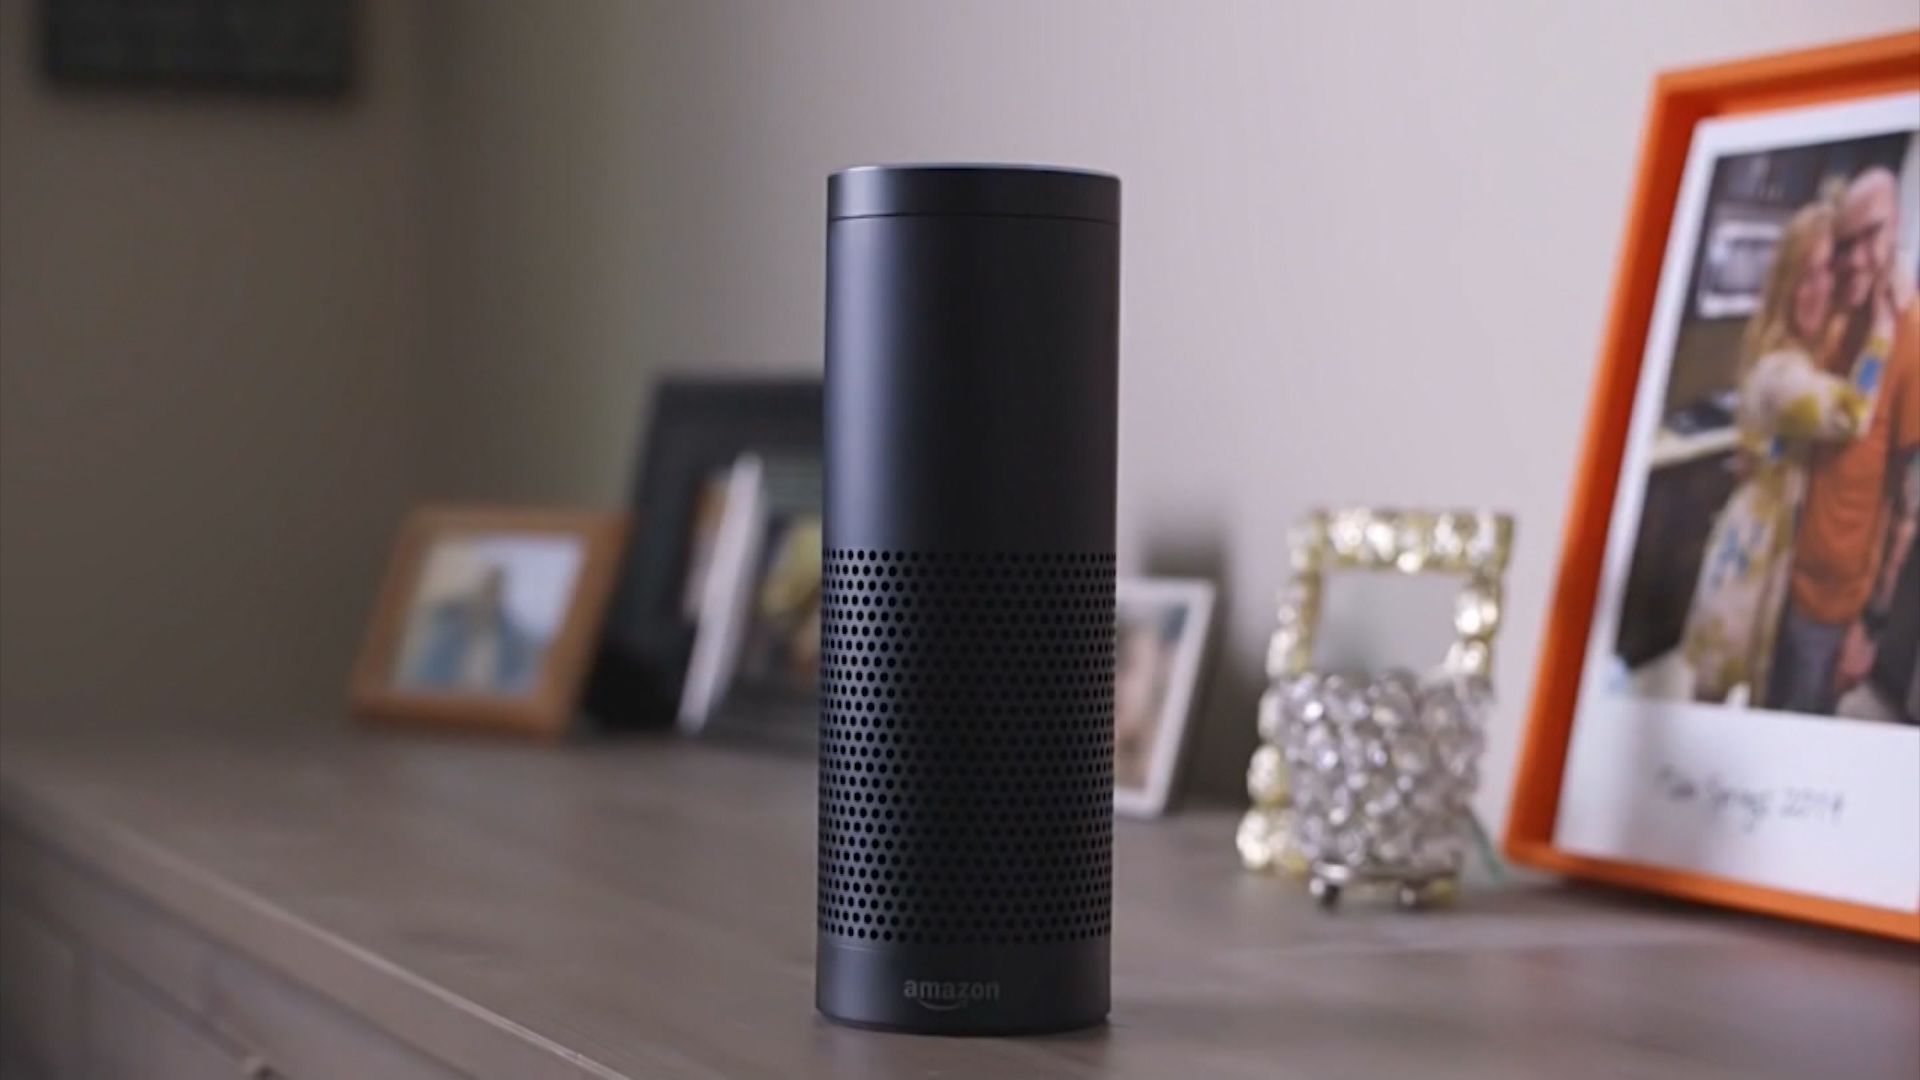 Alexa, go ahead and hand over recordings in case | CNN Business
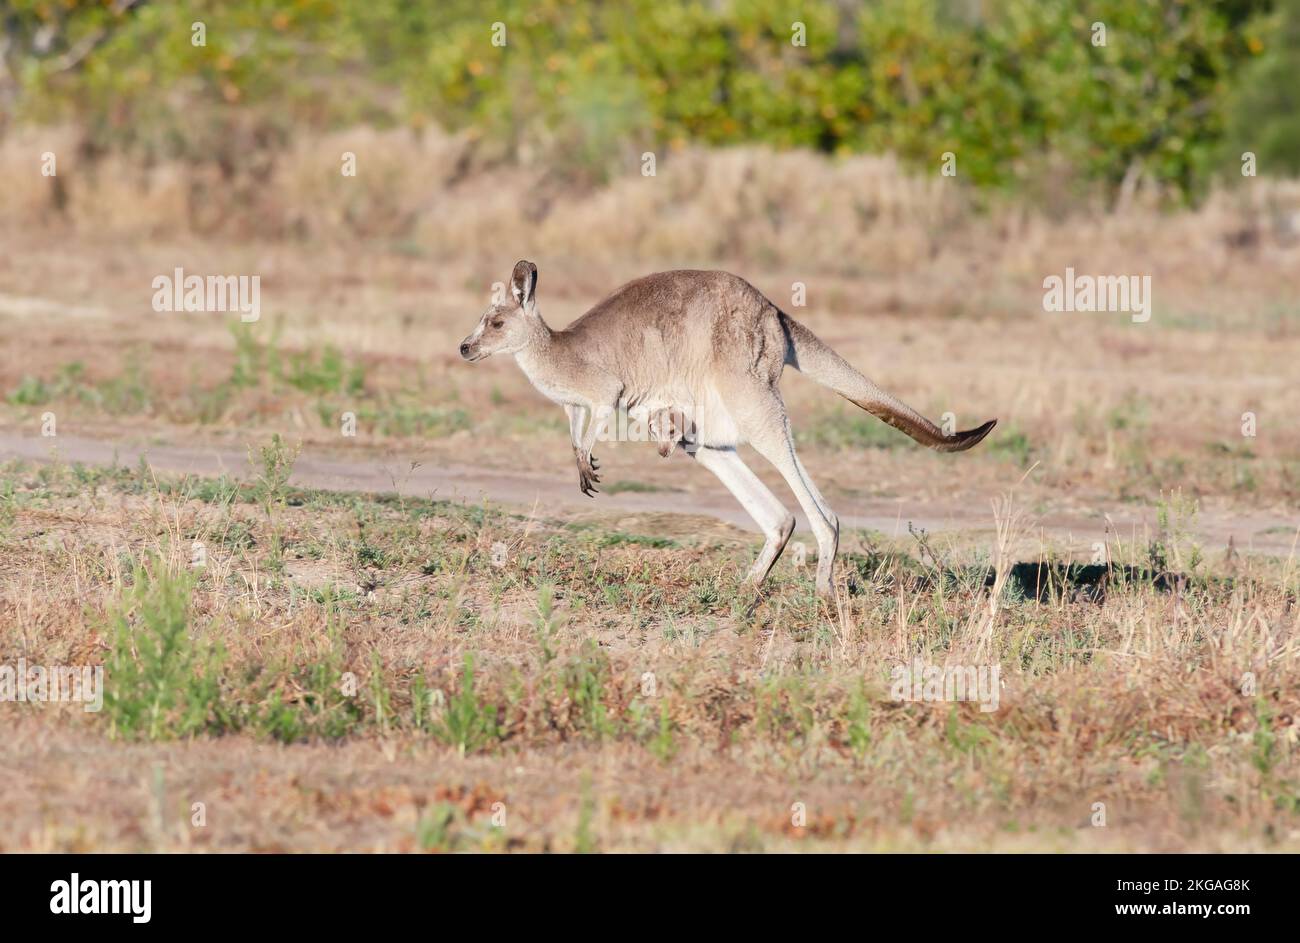 The eastern grey kangaroo (Macropus giganteus) is a marsupial found in eastern third of Australia, Hopping along with its joey in the pouch. Stock Photo
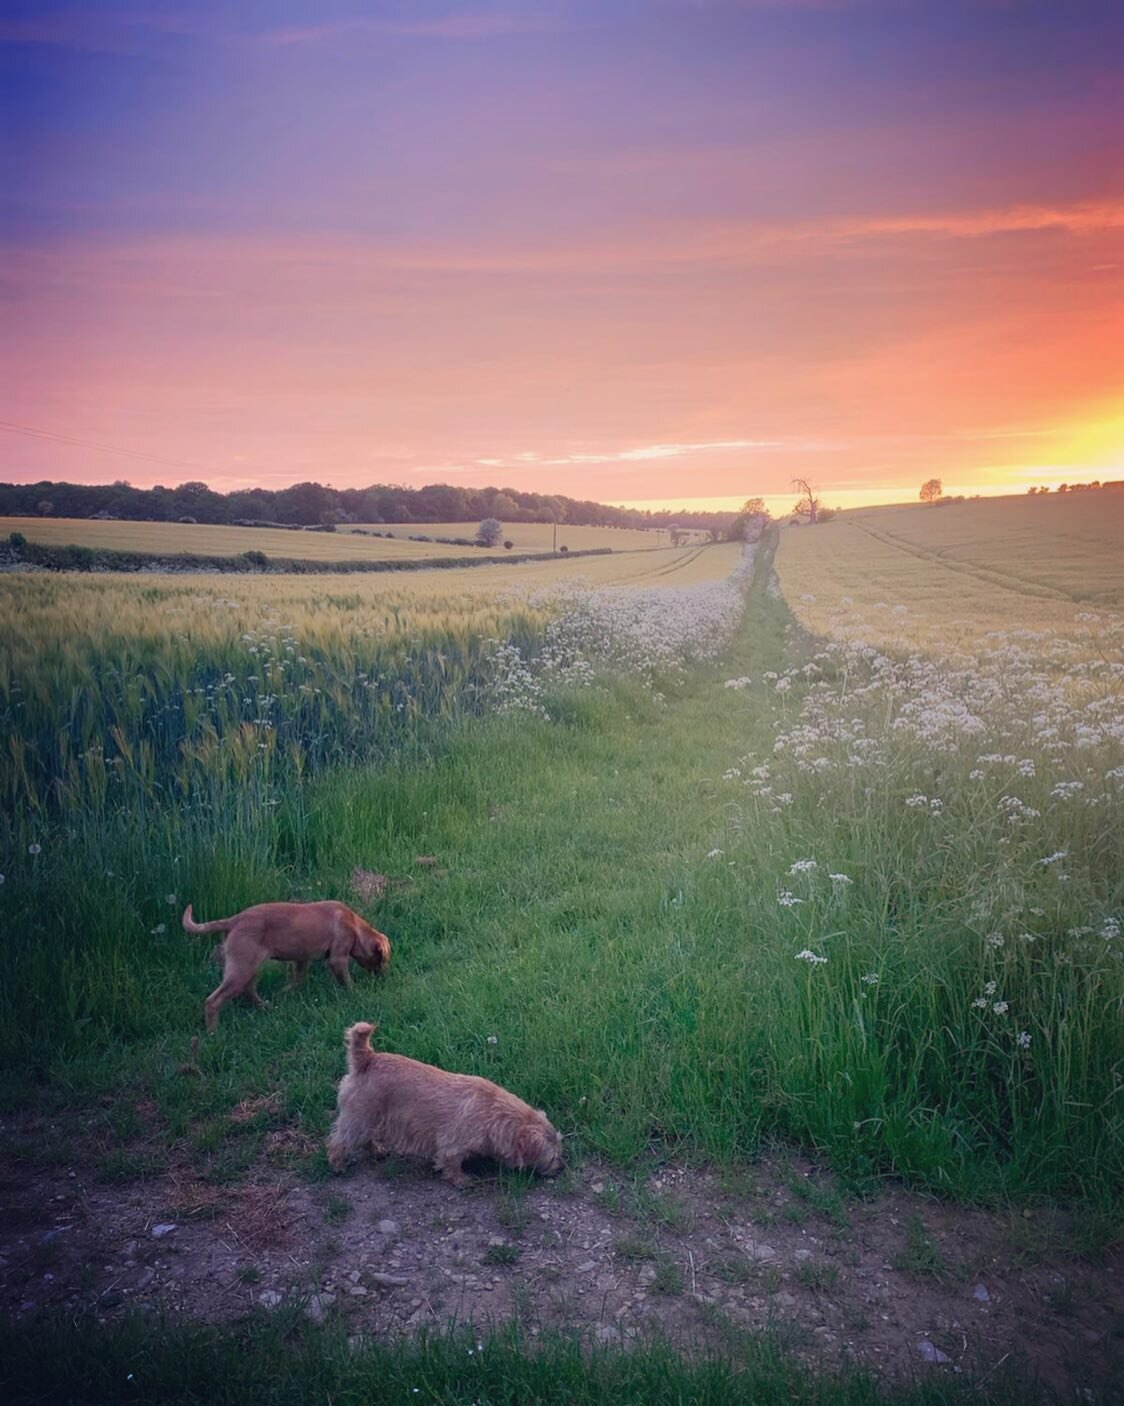 Just over a month to go until we welcome our 2021 Kozi students! 🤩

Very excited to be up and running again - the property is looking gorgeous at the moment and we have 2 new puppies on site! This picture taken from just outside the classroom 🔥

Th

────────────────────

THE TASK -> Could you repeat exactly the lines from the one containing "Just over a" to the last line of the records, both included, and leave out every picture?

YOUR SOLUTION ->
 Just over a month to go until we welcome our 2021 Kozi students! 🤩

Very excited to be up and running again - the property is looking gorgeous at the moment and we have 2 new puppies on site! This picture taken from just outside the classroom 🔥

Th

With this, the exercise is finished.